Everybody remembers the trains, and I do, too. There was just something about watching a really good stock car race and – in the middle of the action – have a long freight train pass by just yards from the backstretch. I never sat in those little grandstands squeezed between the tracks (train and race car), but I’ll bet that was cool – unless you had to go to the bathroom.

It’s a shame passenger trains didn’t pass Martinsville. They could have charged extra for those trips. (NASCAR on Reddit)

Everybody remembers the hot dogs, except me. I was never a fan, preferring instead the burgers, which were simmered in hot dog chili until served. That was my idea of lunch, not a hot dog that glowed in the dark (just kidding, Jesse Jones).

Jesse Jones distributes its hot dogs over a pretty wide area, but its best-known wieners are sold at Martinsville Speedway. (NBC Sports), Photo by Jeff Zelevansky/Getty Images)

Everybody remembers the action, and that’s why they still show up at Martinsville Speedway. I am certainly no different in that regard. I don’t really remember what year I first attended a race at the famed “paper clip,” but it probably was within a year or two of 1970. I know the heaviest years were ’76-’79, when I was working as sports editor of a small North Carolina newspaper, and as long as I didn’t ask for any extra money and got the boss pit passes for Rockingham (that he could distribute to friends), I could cover whatever I wanted.

This is the famous photo of dust-covered Red Byron after winning at Martinsville.

Before more of that, a little history: As you probably know, Martinsville is the oldest Cup track, in that it’s the only one dating back to NASCAR’s inaugural “Strictly Stock” season in 1949 (Charlotte and Daytona had races on different tracks, and North Wilkesboro has a lengthy, involuntary hole in its run of races). By the “official” count, Martinsville and Daytona will be tied with 152 races each after this weekend, but that’s bullshit, because Daytona gets to count more than 20 qualifying races, which nobody else was allowed to do (although Martinsville does have one oddball race in 1961). In truth, Martinsville is first, Richmond second (if you allow the current track and its on-the-same-spot predecessor to count as one), with Daytona just ahead of Darlington for third.

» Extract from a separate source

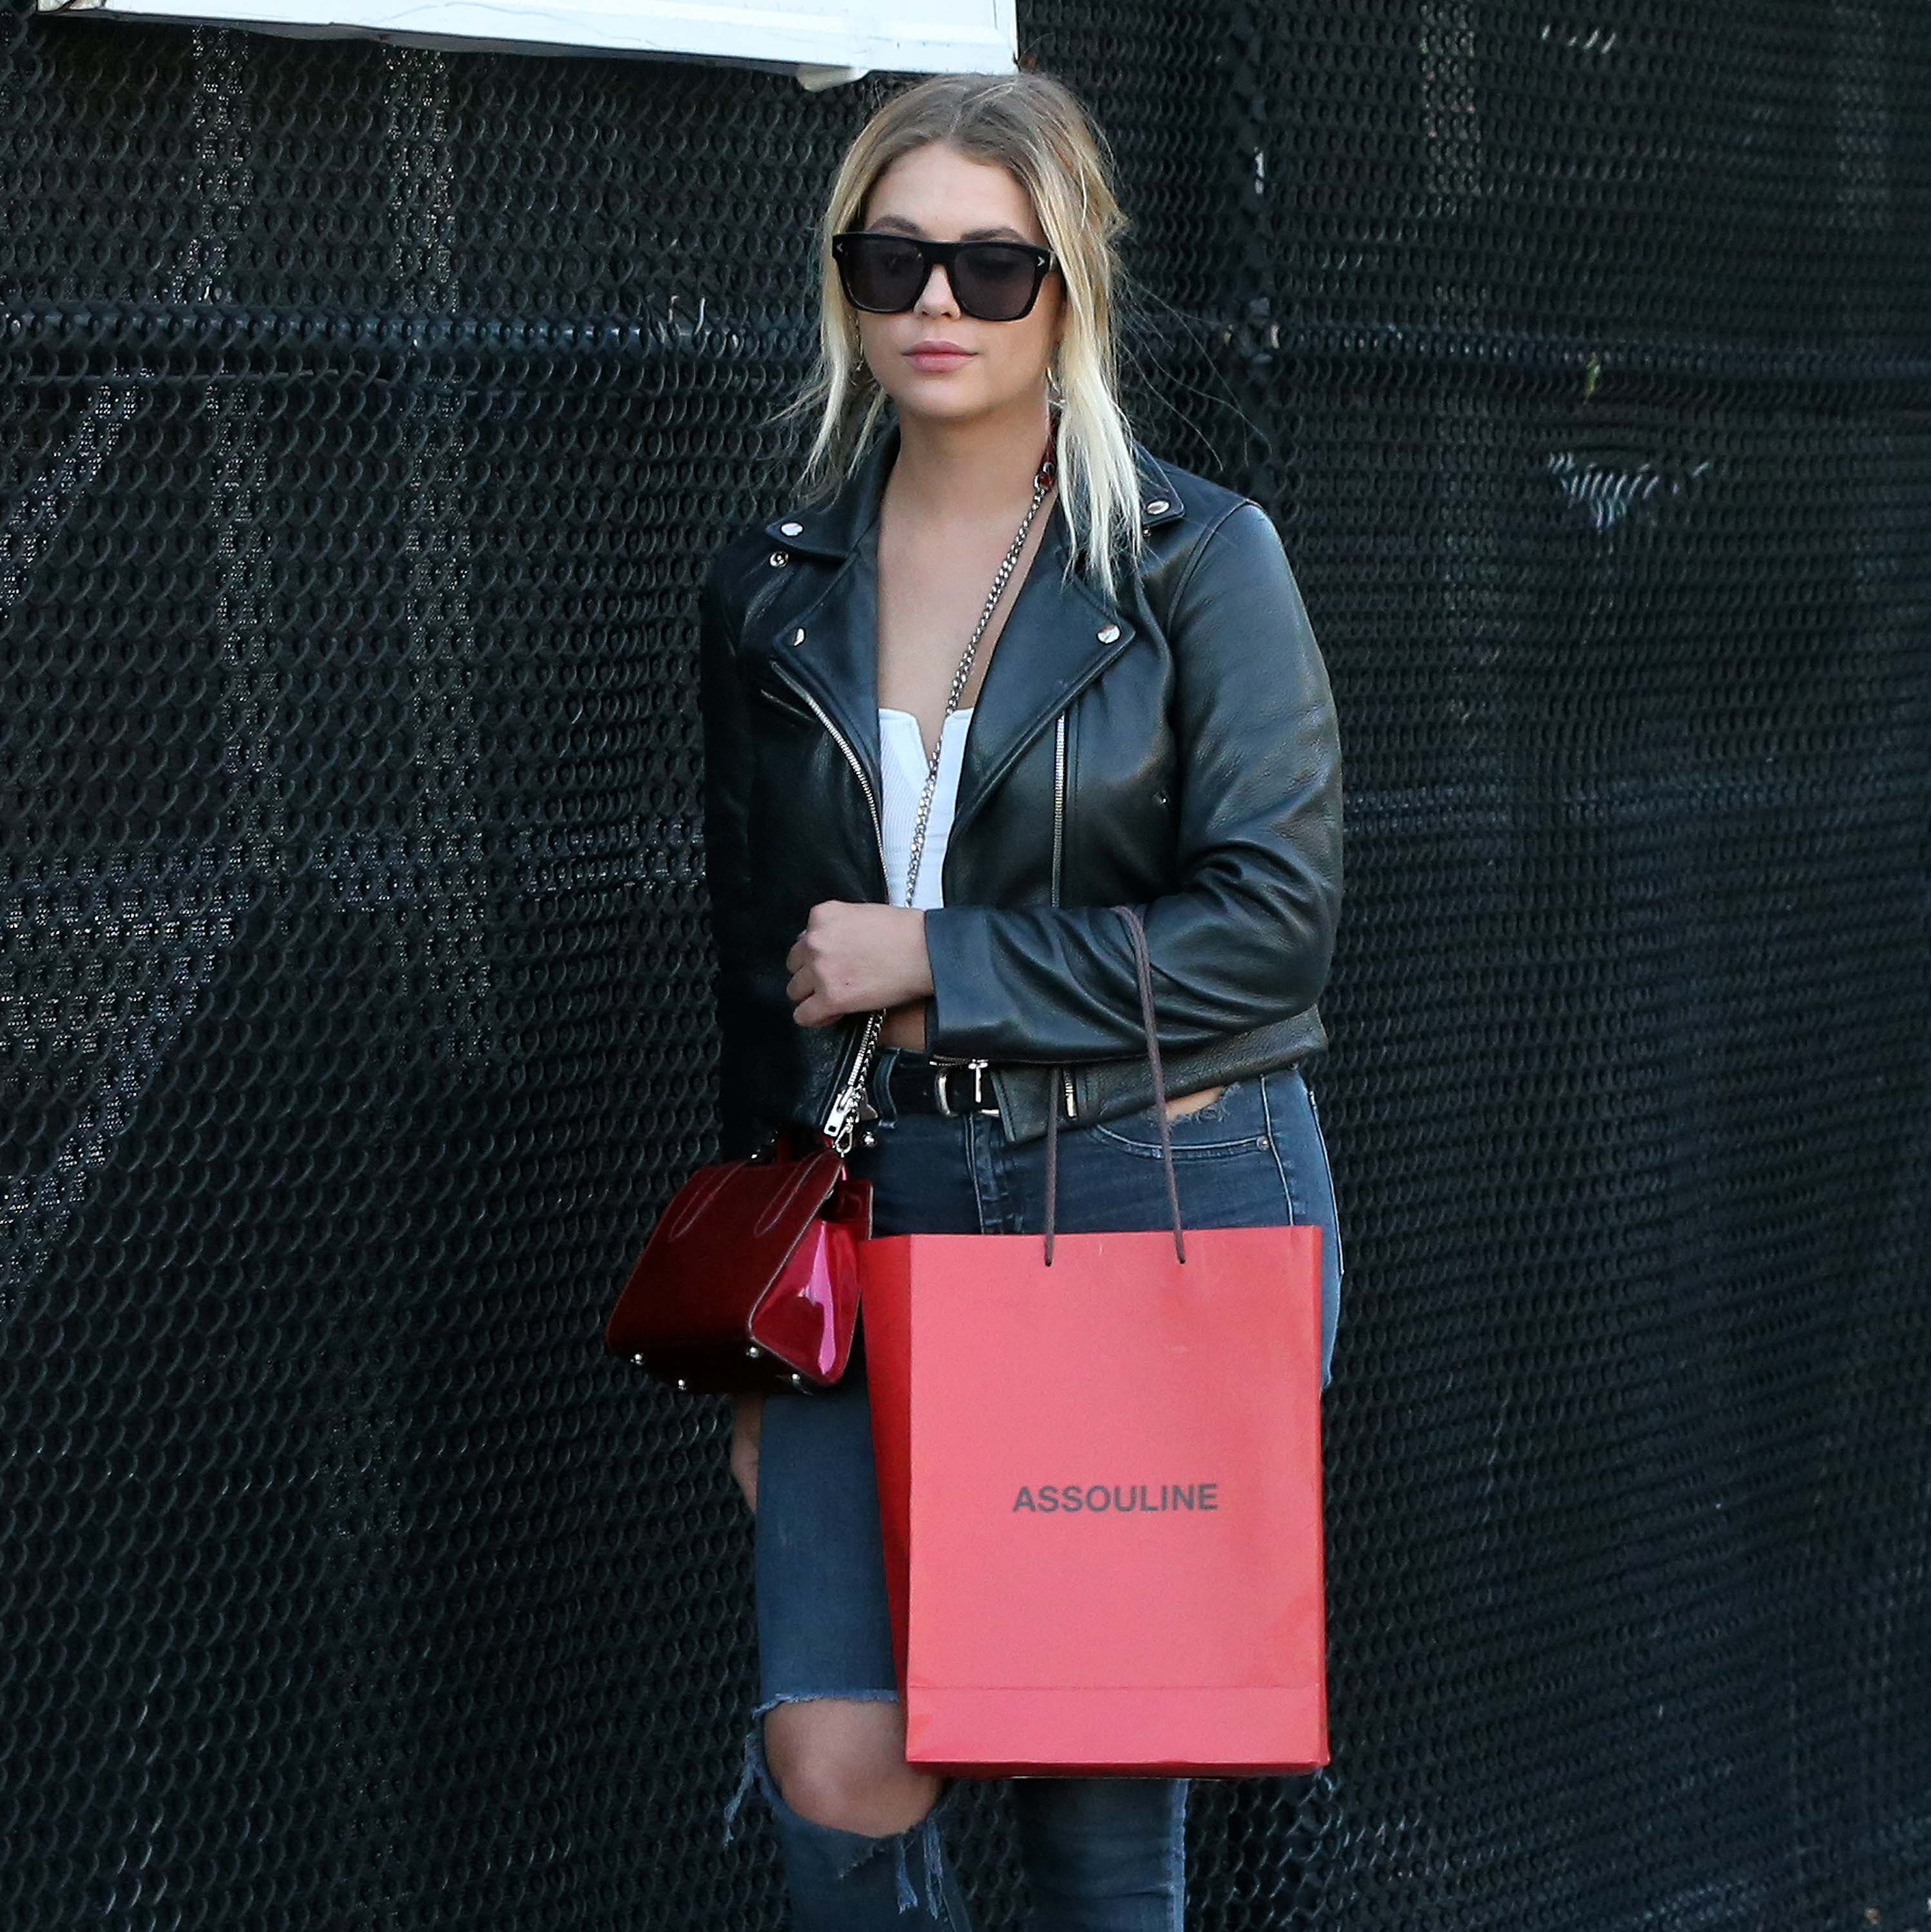 Ashley Benson at a heliport in NYC
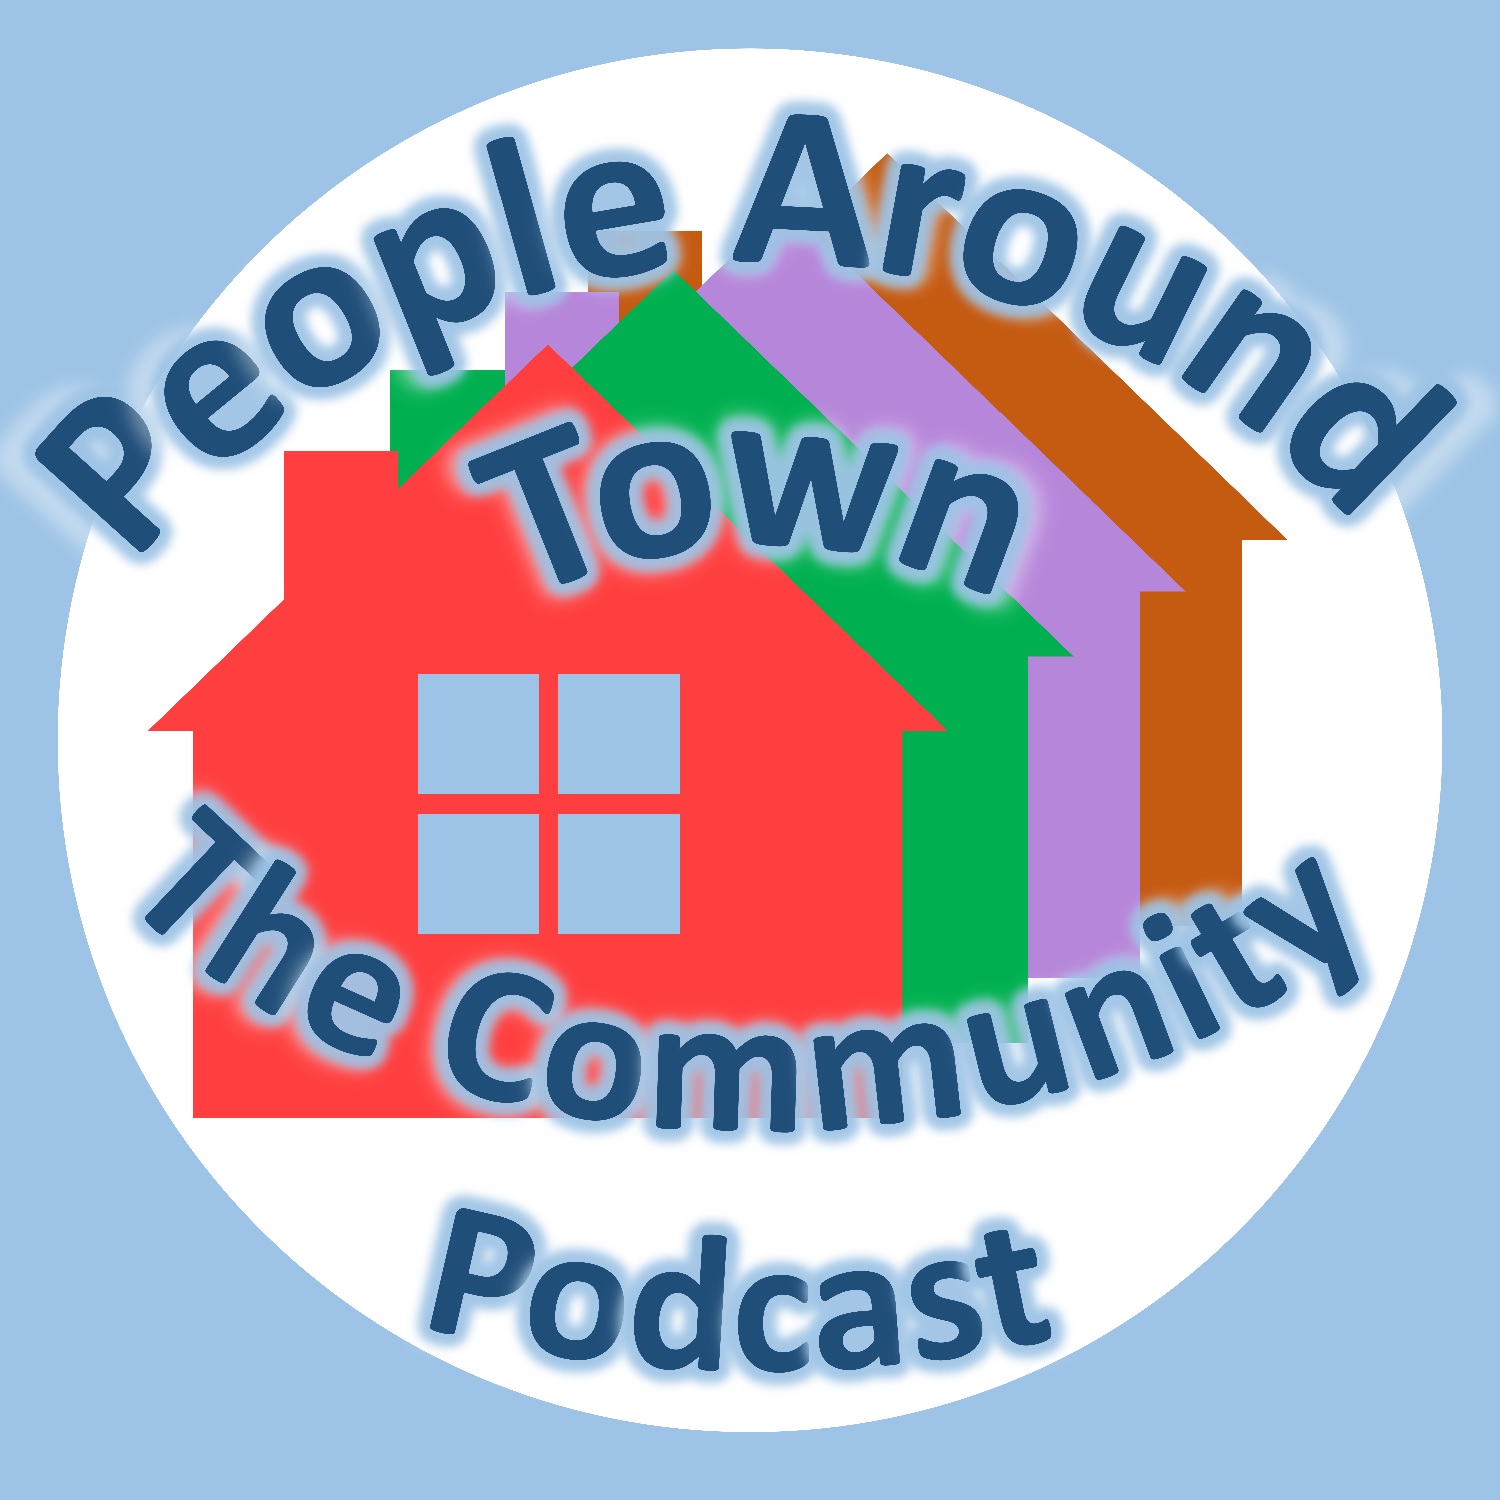 People Around Town: The Community Podcast

The track was dirt until 1955, and in 1956 its races were bumped up from 200 to 500 laps (one ’56 race was 400), with a significant purse increase (back when we were allowed to know those things). Since then, it’s been the model of stability.

Besides Grand National/Cup races, it ran modifieds a lot in the earlier years and then mixed in late models (see below) on their own dates, separate from touring series weekends. It has tended to run smaller-purse races for those divisions on the Saturday before Cup events, although that has changed some.

It has run other, lesser touring series, but early in its life, it went outside the box on occasion, too. In 1952, the paper clip hosted NASCAR’s ill-fated Speedway Division for a 150-lap event. Can you imagine Indy cars at Martinsville on dirt? Some years later, it ran a race for the Sports Car Owners and Drivers Association, so Corvettes, Jaguars, Mercedes, and the like have motored there as well.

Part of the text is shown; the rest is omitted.